WFM guideOperational risk

Contact centre disaster recovery & BCP

Q: What is a business continuity plan for a contact centre?

A contact centre BCP is a documented, tested plan for how the operation continues to handle customer contacts when its normal operating conditions are disrupted. It defines: what triggers a BCP response (system outage, site evacuation, major incident); tiered response levels and who declares each; minimum viable staffing (the lowest agent count that maintains an acceptable service level or regulatory compliance); failover routing (directing contacts to an alternative site or IVR/digital channel); work-from-home activation process; and escalation and communication protocols. A BCP that exists as a document but has never been tested is not a BCP — it is a plan for what someone hoped would happen.

Q: What counts as a contact centre disaster for BCP purposes?

For BCP purposes, a contact centre disaster is any event that prevents the operation from delivering its minimum service level from its normal site and systems.

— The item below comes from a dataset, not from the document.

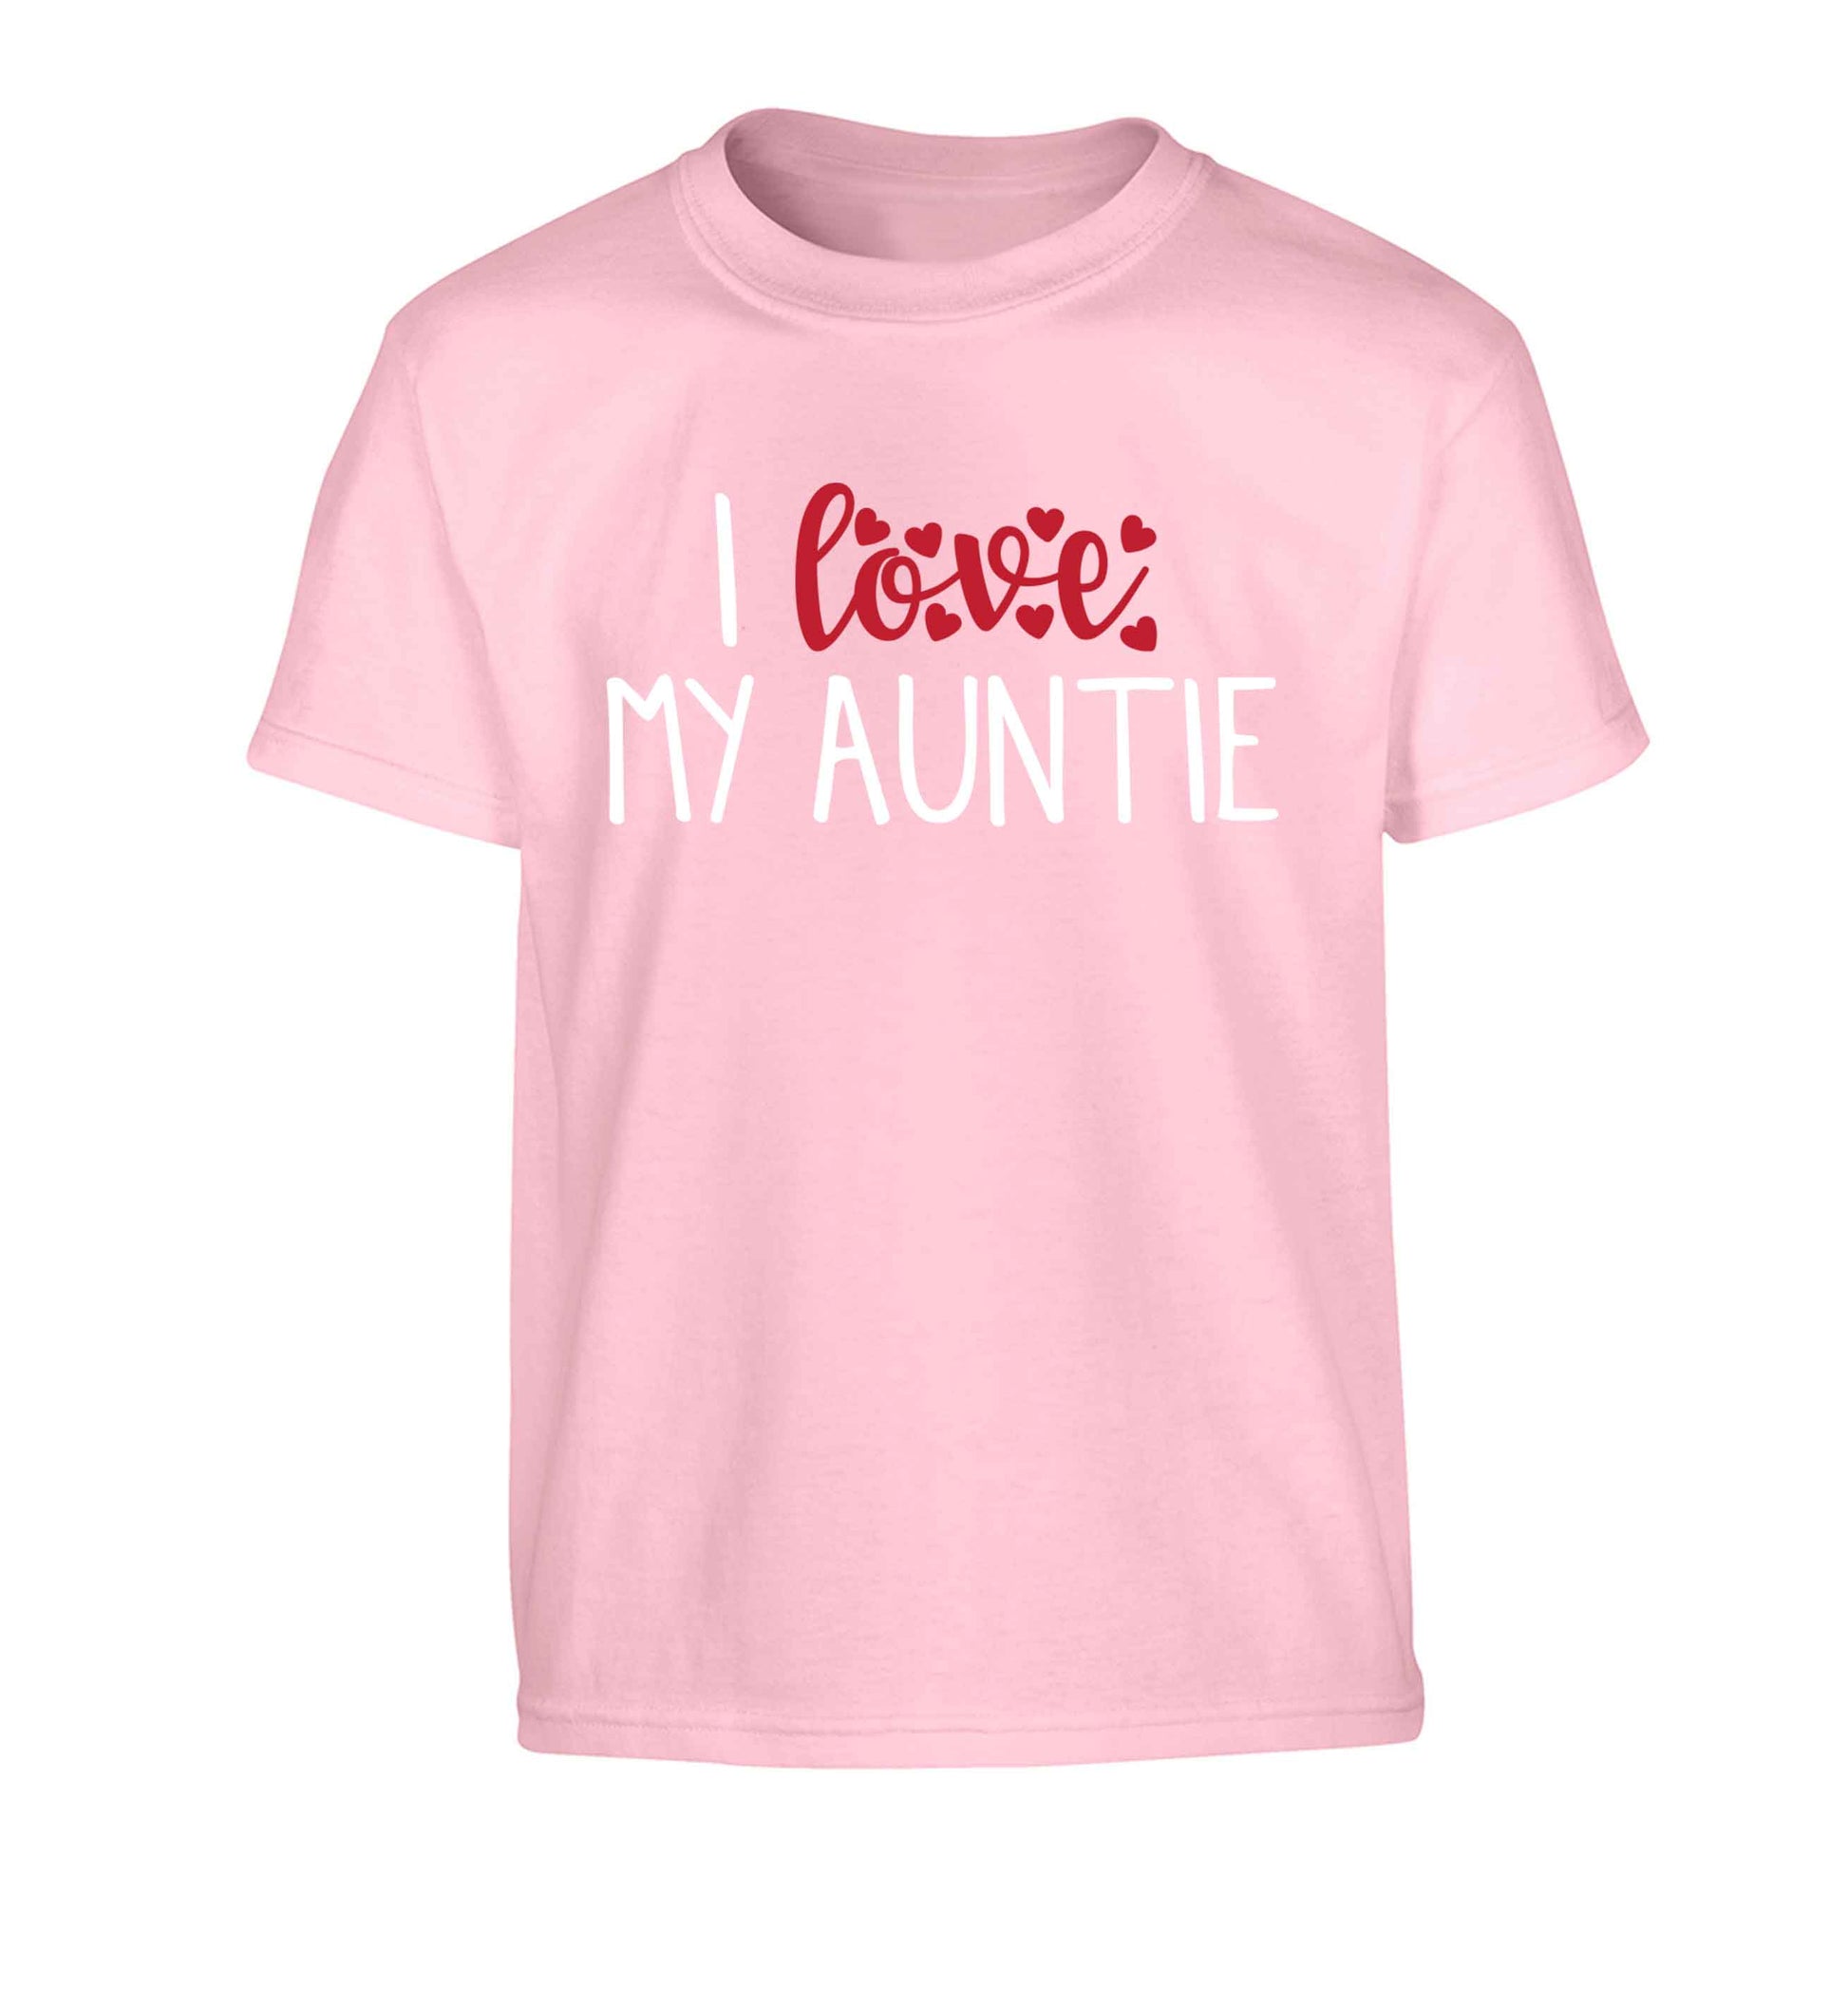 I love my auntie Children's light pink Tshirt 12-13 Years

Common triggers: (1) Technology failure — telephony/ACD platform outage, CRM unavailability, network loss affecting >20% of agents, data centre failure. (2) Site loss — building evacuation (fire alarm, flood, structural), loss of utilities (power, heating, air), public health incident requiring closure. (3) Mass absence — acute illness event causing >30–40% of rostered staff to be unavailable simultaneously; civil emergency restricting movement. (4) Supplier failure — outsource partner or BPO declaring a major incident; cloud provider regional outage. A service level miss caused by a forecast error alone is not typically classified as a disaster — it is an operational failure managed through intraday flex.

Q: What is minimum viable operations in a contact centre?

Minimum viable operations (MVO) is the lowest staffing level at which a contact centre can legally and reputationally continue to operate. For regulated contact centres (FCA-supervised, Ofcom-licensed), MVO is set partly by regulatory obligation: FCA requires that financial advice and complaint contacts continue to be handled even under degraded conditions. For contact centres without regulatory minimum obligations, MVO is the Erlang C minimum needed to hold queue growth — below this floor, the queue compounds faster than agents can clear it. MVO is not a comfortable service level target — it is the floor below which you would be better off routing all contacts to IVR, digital self-service, or callback than trying to staff an inbound queue.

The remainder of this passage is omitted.